Атмосфера дома Серовых была не то чтобы специально деловая, но отнюдь не богемная, отнюдь не болтливо-гостевая. Рабочая атмосфера.

Гости были хотя и часты у Серовых, но, так сказать, единичны, то есть индивидуальны, не массовы.

Собственно, не понятно, как при гостеприимстве Серовых, при огромном круге знакомых, при отсутствии фиксированного для приемов дня, Валентин Александрович все же успевал поспать в семь часов вечера на тахте возле теплой голландской печки, как он успевал прочесть такое множество книг, нужных ему для работы? Да одну какую-нибудь зиму – Ключевского, Костомарова, Забелина, множество мемуаров…[332].

Серов любил мемуары.

Дружили с Серовыми Пастернаки, художник и его жена – пианистка. Валентин Александрович познакомился с ним еще в Мюнхене, когда тот был студентом. Ольга Федоровна, в то время невеста Валентина Александровича, познакомилась с невестой Пастернака в Одессе.

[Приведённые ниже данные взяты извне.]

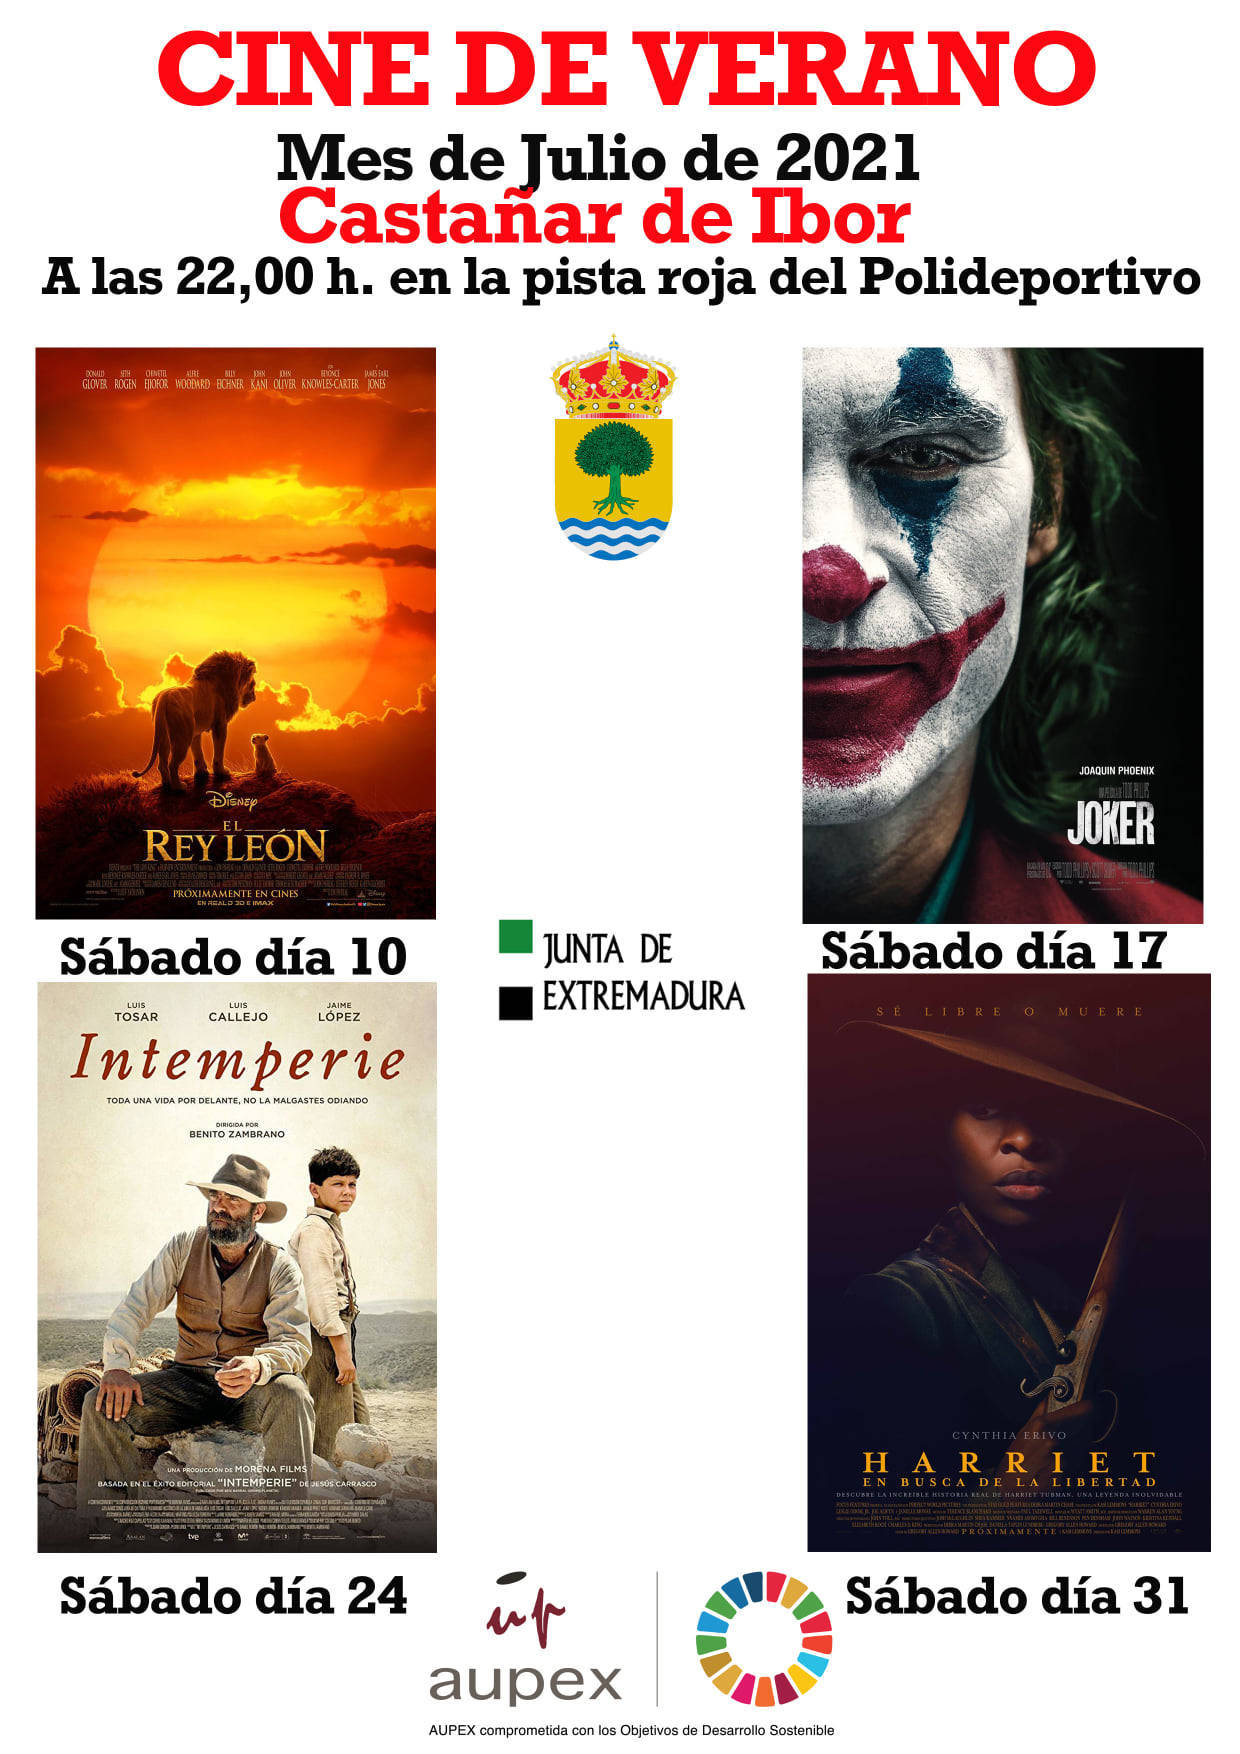 Cine de verano (2021) - Castañar de Ibor (Cáceres)

Серовы дружили с Досекиными и особенно с Константином Коровиными. Кончаловские была очень близкая семья – сперва в старшем поколении, то есть издатель Петр Петрович Кончаловский (Валентин Александрович писал его портрет), а потом в младшем: дочери его и сыновья, из которых художник Петр Петрович был для Серовых Петей.

Из Петербурга приезжали но делу выставок «Мира искусства» Дягилев, Философов, Нувель, Александр Бенуа.

Ольга Федоровна тогда хлопотала и волновалась больше обычного, скрашивала обед каким-нибудь красивым салатом. Она стеснялась петербургских гостей, имевших чрезвычайно изощренный и светский вид. Но Валентин Александрович был как всегда. Наклонясь вперед над тарелкой, он ел, как всегда, быстро. Гость сидел не около хозяйки, как полагалось бы, а на конце длинного стола. Ведь подле Ольги Федоровны размещались трое детишек, двое постарше занимали место около отца. Дети сидели тише обыкновенного, чувствовалось стеснение. Настоящая беседа начиналась после обеда.

Бенуа, наговорившись, садился за рояль, талантливо импровизировал. То это были куранты на Петропавловской крепости, то темы новой музыки. Один раз это несколько тягостное для меня воспоминание) Бенуа говорил с Серовым об Александре Иванове, которого они оба высоко ставили. Разговор был интересен, и я осталась слушать с другого конца опустевшего после чаю длинного стола. Бенуа говорил о вреде присутствия в Третьяковской галерее таких картин, как «Неутешное горе» Крамского, которые «развращают вкус посетителей», и о слишком малой популярности Александра Иванова. Он винил в том галерею.

Серов не соглашался с ним[333]. Тогда Бенуа сказал: «Ну, давай сделаем опыт: спросим вот здесь присутствующего, – и он обратился ко мне: – Что вам больше нравится: „Неутешное горе“ или „Явление Христа народу“?»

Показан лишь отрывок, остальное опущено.